Abstract

Insect defensins are promising candidates for the development of potent antimicrobials against antibiotic-resistant Staphylococcus aureus (S. aureus). An insect defensin, DLP4, isolated from the hemolymph of Hermetia illucens larvae, showed low antimicrobial activity against Gram-positive (G+) pathogens and high cytotoxicity, which limited its effective therapeutic application. To obtain more potent and low cytotoxicity molecules, a series of peptides was designed based on the DLP4 template by changing the conservative site, secondary structure, charge, or hydrophobicity.
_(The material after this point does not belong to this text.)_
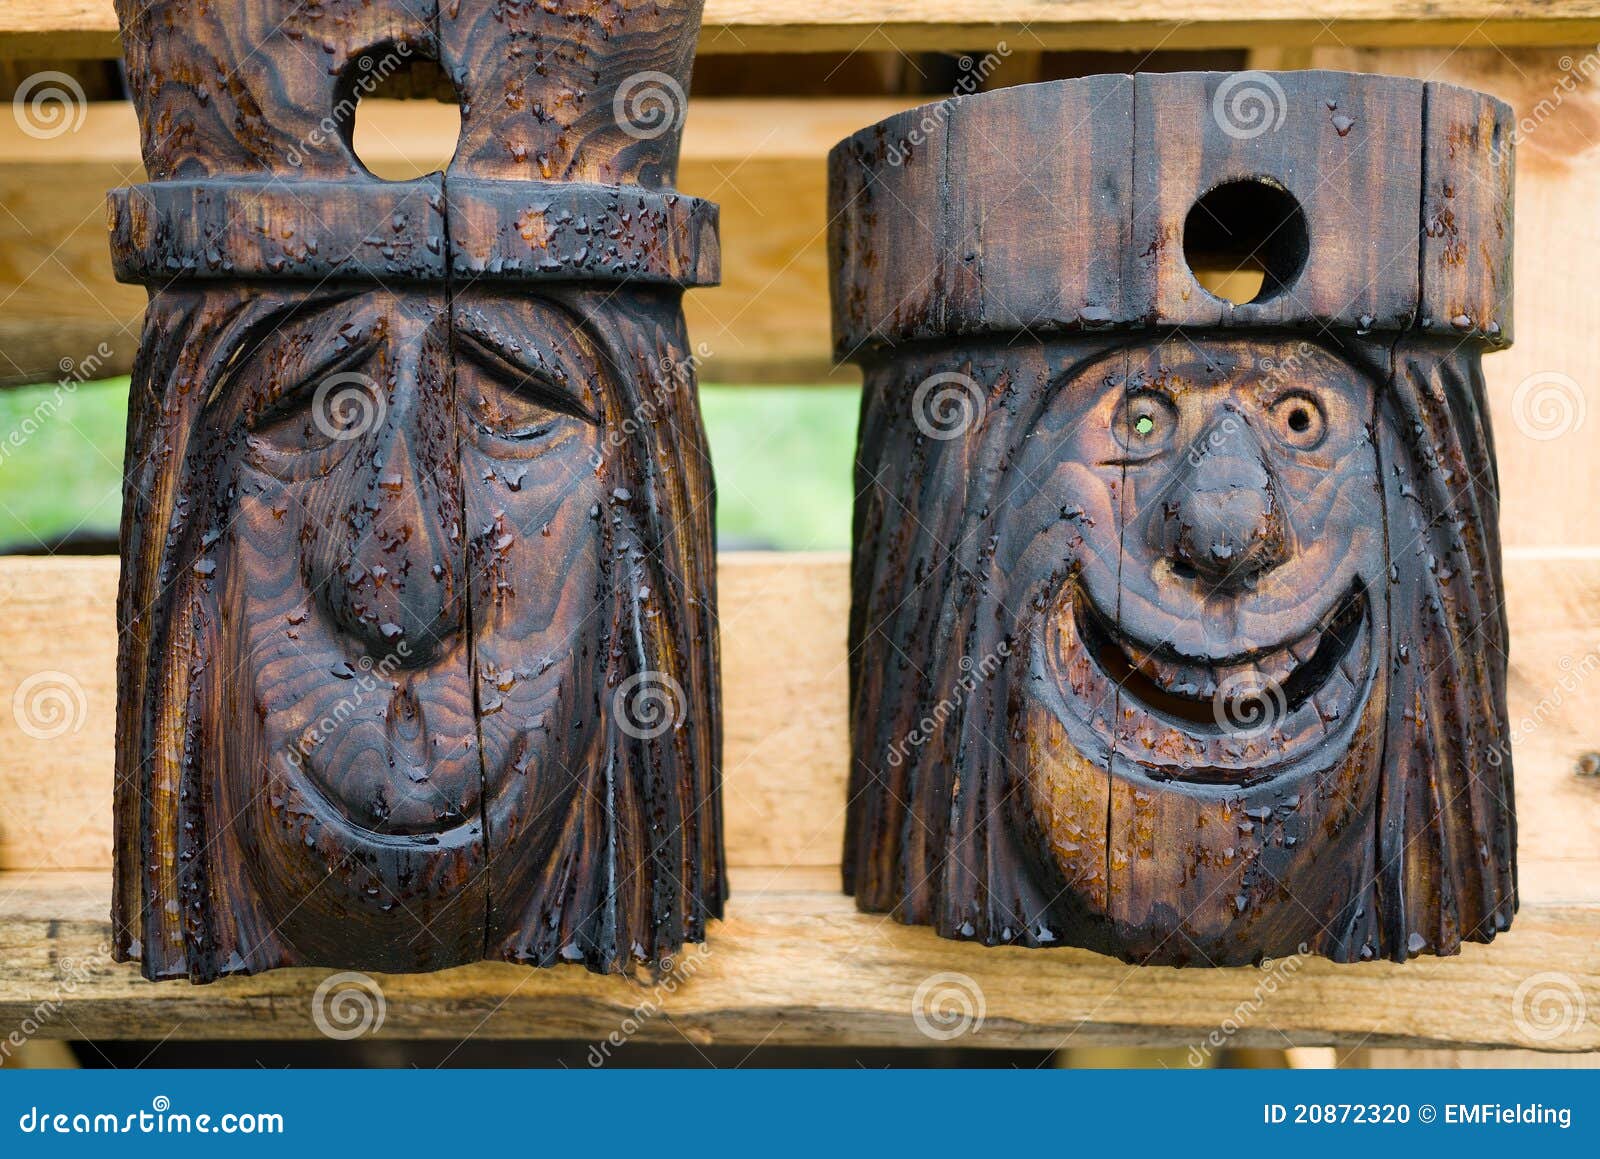 Carved Faces Birdhouses stock photo. Image of wood, nature

Among them, a variant designated as ID13 exhibited strong antibacterial activity at low MIC values of 4–8 μg/mL to G+ pathogens (S. aureus: 4 μg/mL; Staphylococcus epidermidis: 8 μg/mL; Streptococcus pneumoniae: 4 μg/mL; Streptococcus suis: 4 μg/mL), which were lower than those of DLP4 (S. aureus: 16 μg/mL; S. epidermidis: 64 μg/mL; S. pneumoniae: 32 μg/mL; S. suis: 16 μg/mL), and cytotoxicity of ID13 (71.4% viability) was less than that of DLP4 (63.8% viability). ID13 could penetrate and destroy the cell membrane of S. aureus CVCC 546, resulting in an increase in potassium ion leakage; it bound to genomic DNA (gDNA) and led to the change of gDNA conformation. After treatment with ID13, perforated, wrinkled, and collapsed S. aureus CVCC 546 cells were observed in electron microscopy. Additionally, ID13 killed over 99.99% of S. aureus within 1 h, 2 × MIC of ID13 induced a post-antibiotic effect (PAE) of 12.78 ± 0.28 h, and 10 mg/kg ID13 caused a 1.8 log10 (CFU/g) (CFU: colony-forming units) reduction of S. aureus in infected mouse thigh muscles and a downregulation of TNF-α, IL-6, and IL-10 levels, which were superior to those of DLP4 or vancomycin. These findings indicate that ID13 may be a promising peptide antimicrobial agent for therapeutic application.

Highlights

  • Antibiotics play pivotal roles in disease prevention, growth promotion, and production improvement in animal husbandry (Ferber, 2002; Cheng et al, 2014; Van Boeckel et al, 2015)

  • The helix always ends with the R23 residue, followed by a G residue which is involved in a hydrogen bond with the carbonyl group of C3 (Landon et al, 2008)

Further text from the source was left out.